THE BLOG

How Should We Think About A Pandemic?

07/17/2009 05:12 am ET | Updated Nov 17, 2011
  • Richard P. Wenzel Past President of the International Society for Infectious Diseases

WHO has just declared a flu pandemic -- the first since 1968. So we might ask, "what is different?" Moving from the prior phase 5 to the Pandemic 6 level currently implies only sustained spread in different continents.

But such a move is confusing, since each year the seasonal flu has similar characteristics and kills 500,000 people globally, yet no pandemic level 6 has been declared. By contrast, the current H1N1 Swine flu has killed fewer than 150 people. Shouldn't the pandemic scale be more focused on severity and the resources needed to control epidemics on two or more continents?

To me, a pandemic implies a response to an infectious threat that requires international surge capacity for resources, communication and cooperation. Thus, the two key elements are efficient transmission and disease severity. Transmission efficiency could be defined by the case reproduction number, the number of secondary cases resulting from each primary infection. Any number above 1 implies a sustained epidemic, but a 2 or greater suggests very efficient transmission. Severity could be defined by the proportion of patients admitted to Critical Care Units among all infected patients and more importantly the case fatality ratio -- the number of deaths among all infected people.

One could insist that sustained transmission of a totally new infectious agent should be considered for a level 6 pandemic scale. But what do we do if H1N1 stays around for three years? When does "new" end. To avoid confusion, I think the requirement for surge capacity is key. Thus, a global outbreak of a common cold virus would not reach a high level on the pandemic scale, since few new resources would be needed and severity is not an issue.

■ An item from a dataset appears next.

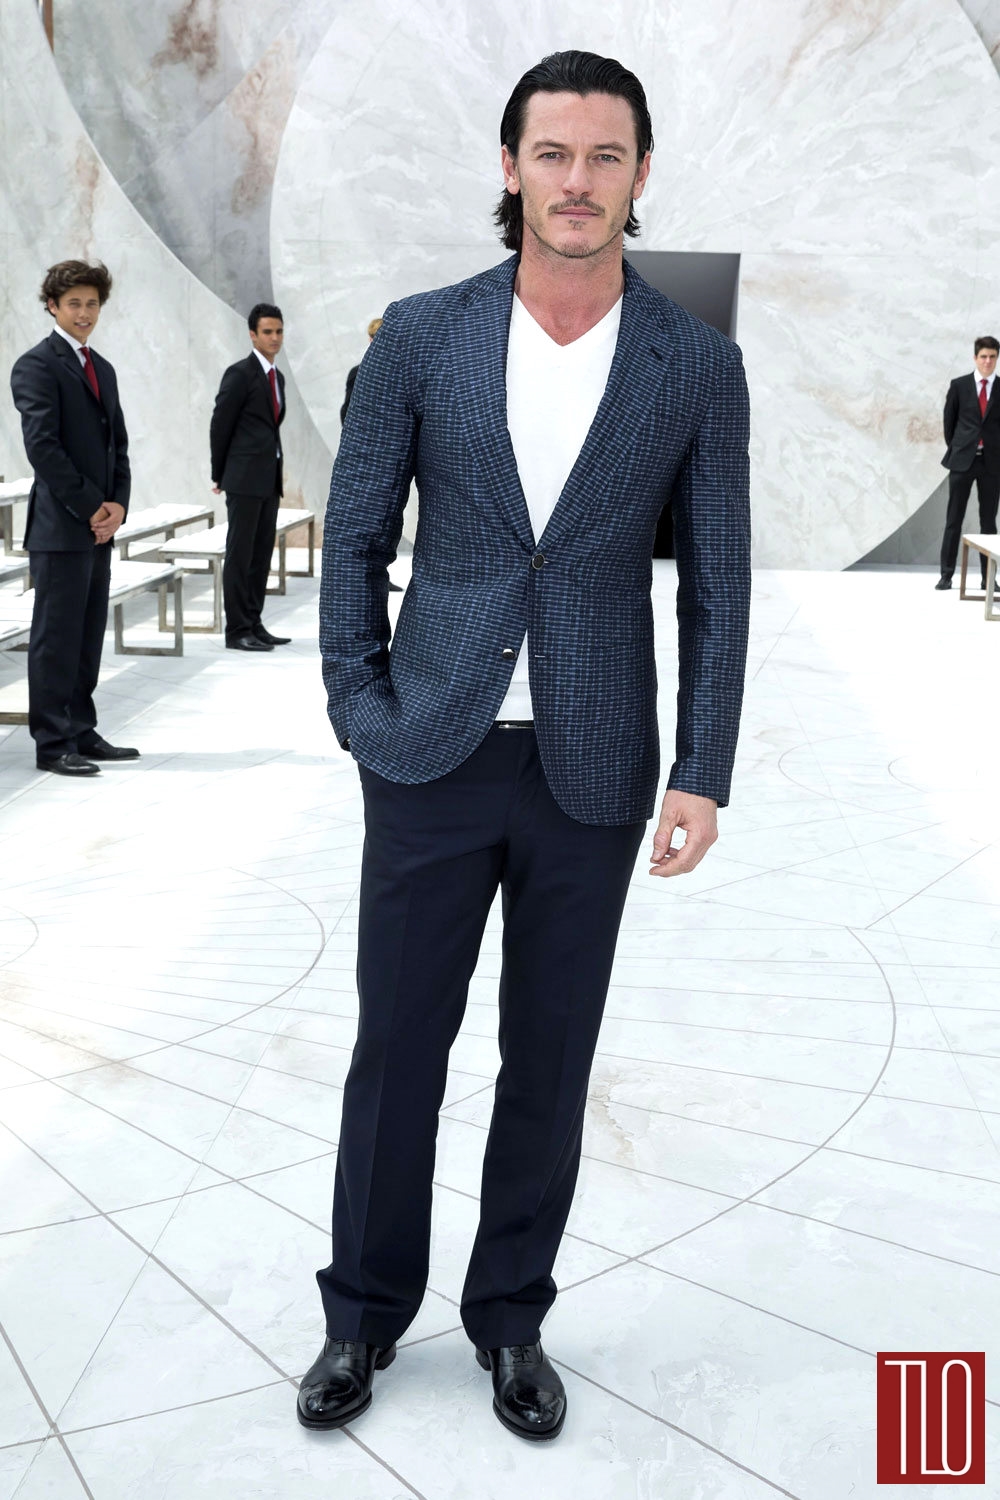 Luke-Evans-Louis-Vuitton-Fashion-Show-Spring-2015-Front-Row-Tom-Lorenzo-Site-TLO (1)

For resources, I would include the types (food, water, medical equipment, drugs, vaccines, etc.), the quantity, and the effective delivery systems. One might also include the estimate of the country's GDP that will be needed to support the control measures. In Mexico, it has been estimated that over 4.5% of its GDP will be needed to cover the costs of managing H1N1. For communication, I would include the measures of the pandemic transmission and severity as mentioned above, and the rate of resource utilization for a region or country. For cooperation, I mean the legal, administrative, medical and other types of required sharing across regions and countries.

Once we have the definitions, we could construct a hierarchy of levels of Pandemic Threat based on the increasing need for resources, communication and cooperation across regions and countries, and these would be paralleled by increasing rates of transmission and severity.

Progressing from the bottom end of the Pandemic Threat Scale to the top would imply increasing transmission and severity as well as increasing surge capacity for resources, international communication and cooperation. One could imagine at the high level the institution of a prior agreement related to sending resources such as medical supplies to an affected region, instituting international legal agreements to track infected people and possibly instituting quarantine or sharing medical expertise and offering computational support systems. An unanticipated surge to develop new drugs and vaccines would be set in motion.

An implication of such a system is that we need international agreements before and not after a pandemic. The World Bank for example might reward a country for early reporting of a new disease as an incentive to the country worried about the economic consequences of transparency. Countries would have to accept help when it is needed and not be constrained by their own national laws. A new Pandemic Threat Scale will require unprecedented international cooperation that does not exist today. But surely it is needed, and H1N1 has shown our lack of clarity in 2009.